Wybór Joe Bidena to powrót elementarnej przewidywalności Ameryki na arenie międzynarodowej. To polityk, który rozumie znaczenie USA dla międzynarodowej układanki. Rozumie znaczenie sojuszy, które podważał Trump. Rozumie znaczenie NATO, w które nie wierzył jego poprzednik. Powrót USA na utarte ścieżki w polityce międzynarodowej, odbudowa zaufania z Niemcami i Francją, z którą skłócił się Trump to dobra wiadomość tak dla Europy, jak i dla naszego kraju. Silne NATO to bezpieczna Polska. Na nasze szczęście Biden sojusz atlantycki wierzy i chce go wzmacniać. Na nasze szczęście Biden to nie rozkapryszony dzieciak, który się obraża i zabiera swoje zabawki, kiedy inni nie grają według jego szalonych zasad.

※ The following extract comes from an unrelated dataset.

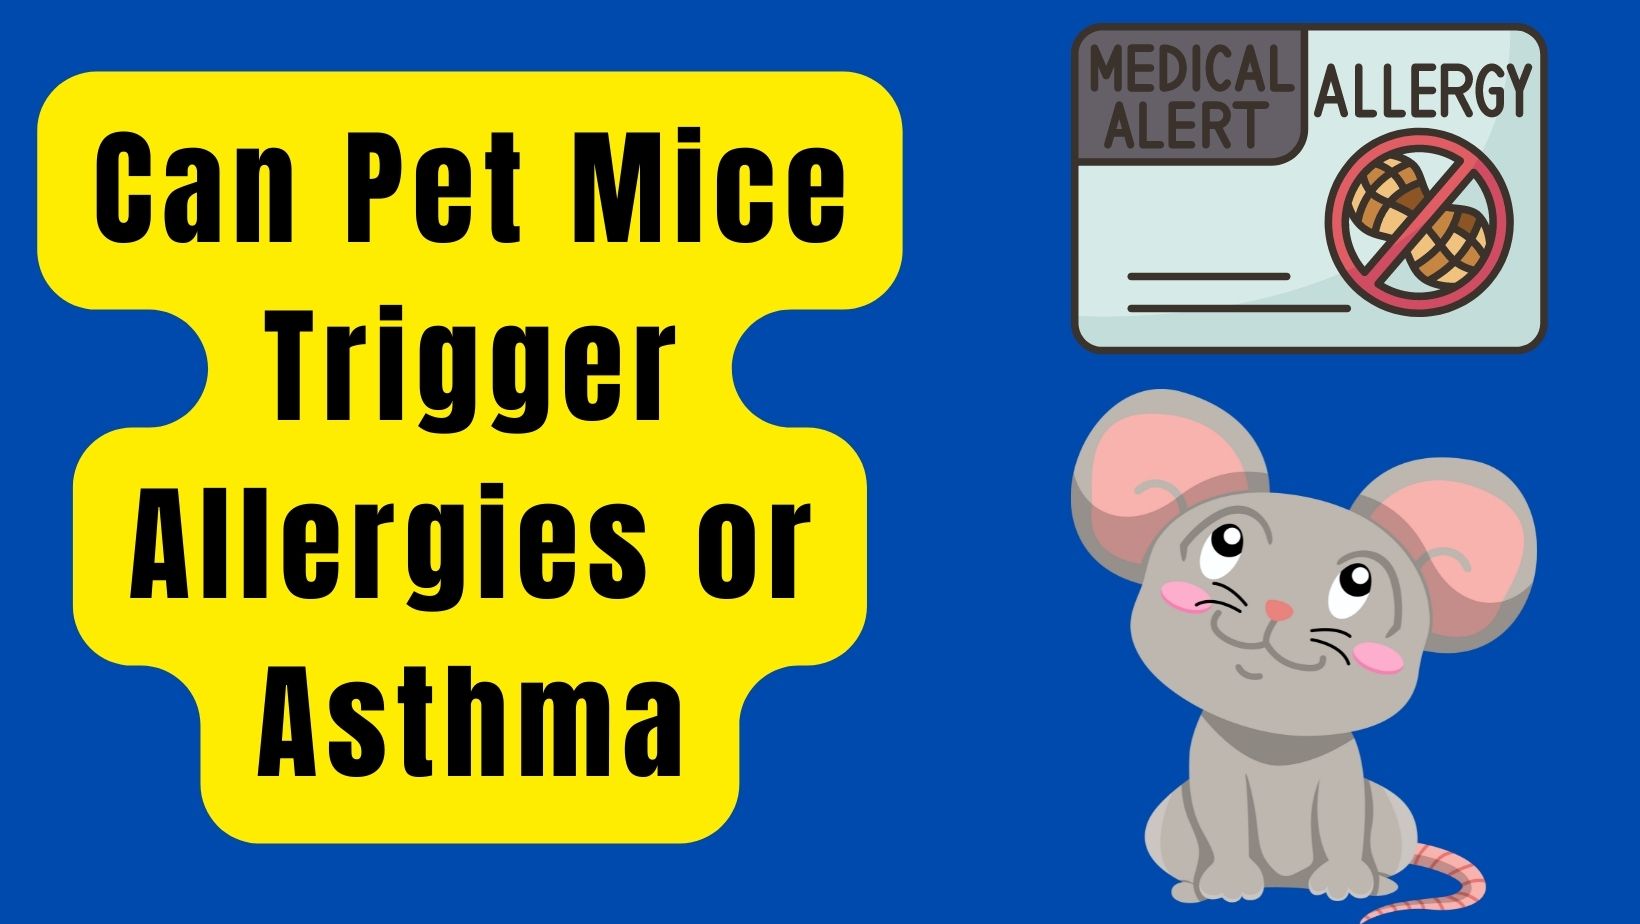 Can Pet Mice Trigger Allergies or Asthma?
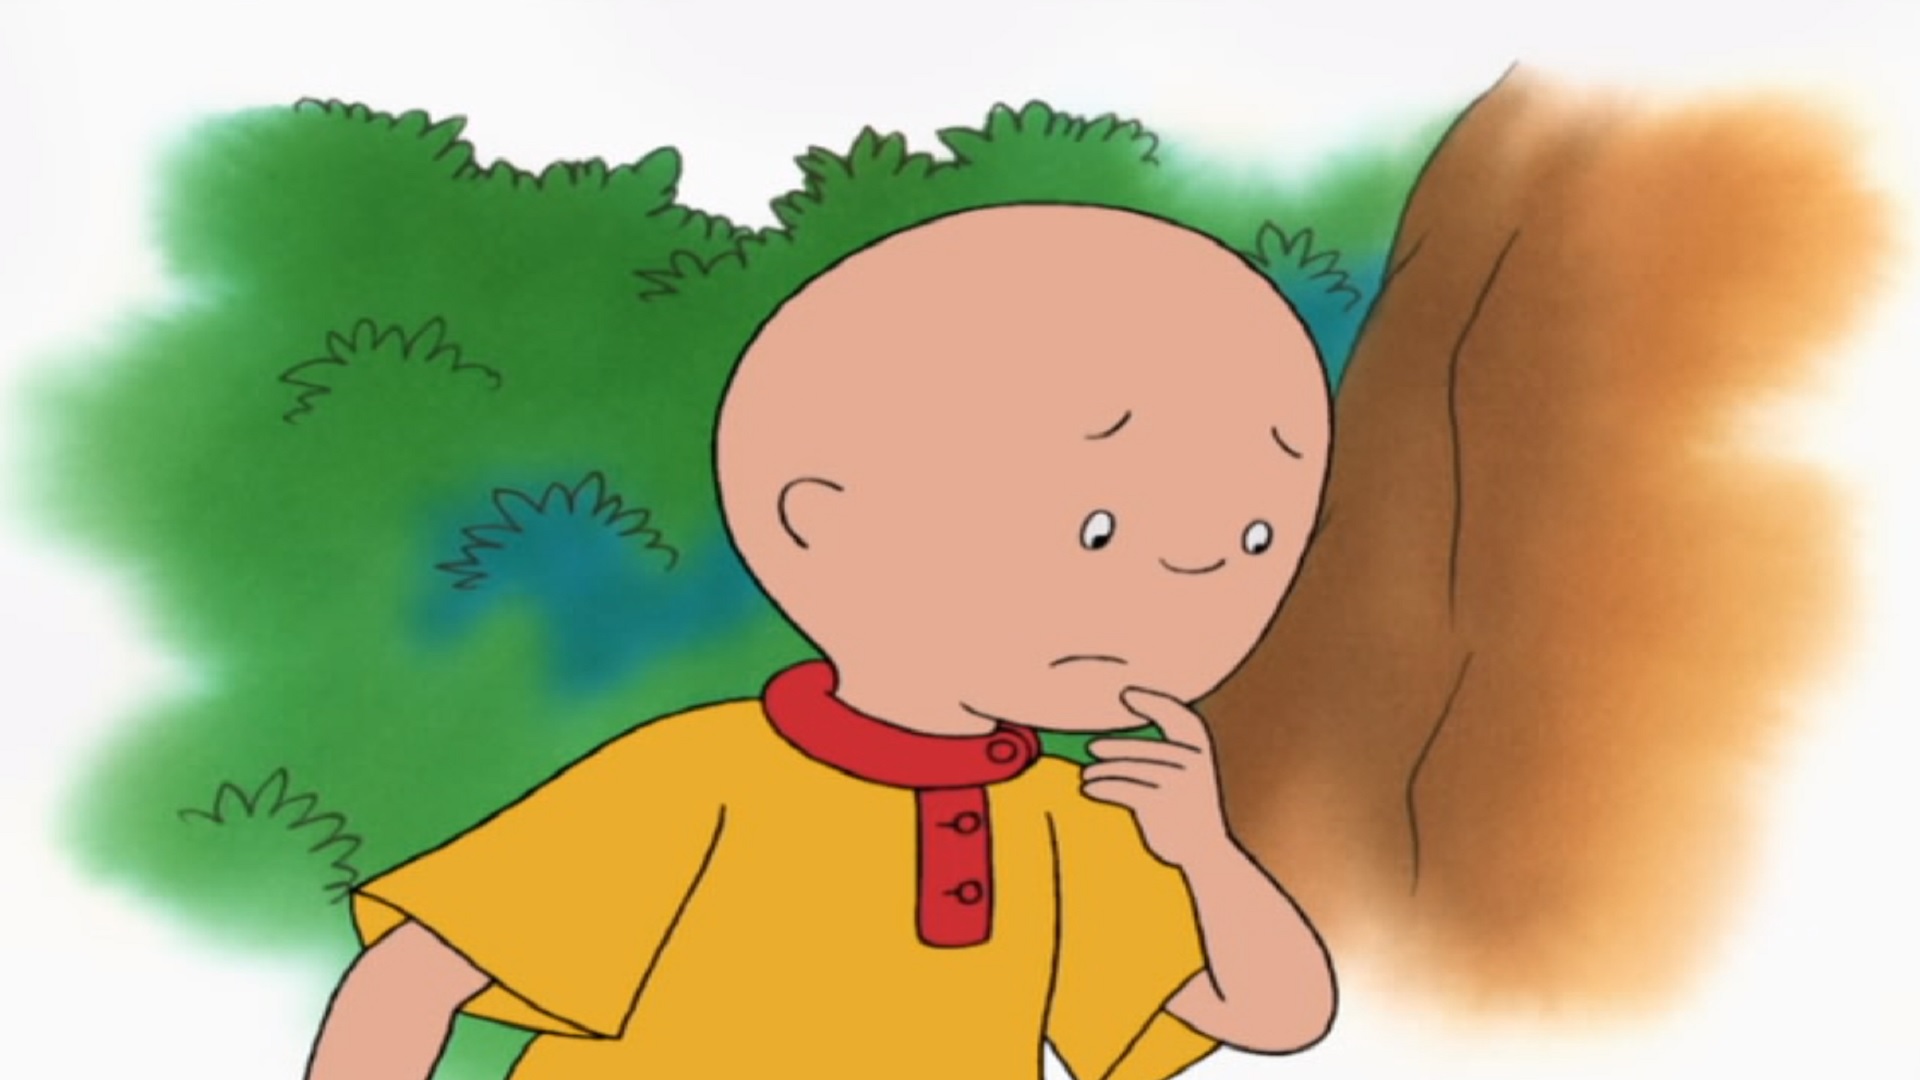 Caillou nightmare

Wbrew zaklęciom części naszej zakochanej w Trumpie prawicy nie jest to też uległy wobec Putina polityk, który przy najbliższej okazji sprzeda nas Kremlowi w zamian za miraże resetu w relacjach Waszyngtonu i Moskwy. Owszem, w 2008 r. uczestniczył w próbach normalizacji relacji z Moskwą, ale i on, i Demokraci dawno pozbyli się co do Putina złudzeń. To w czasach administracji Obamy, w której Biden był wiceprezydentem, Stany Zjednoczone zdecydowały o wysłaniu do Polski swoich wojsk w reakcji na wojnę wypowiedzianą przez Rosję Ukrainie. I w przeciwieństwie do Trumpa tandem Obama-Biden nie żądał za to zapłaty. Tamta administracja uważała, że tak po prostu należy postąpić, by odepchnąć Rosję od granic NATO i wesprzeć swoich europejskich sojuszników, w tym właśnie Polskę.
Jednym słowem, po czterech latach chaosu i zniszczenia, które siał Trump, wybór Bidena to dobra wiadomość dla Zachodu. To dobra wiadomość dla Polski.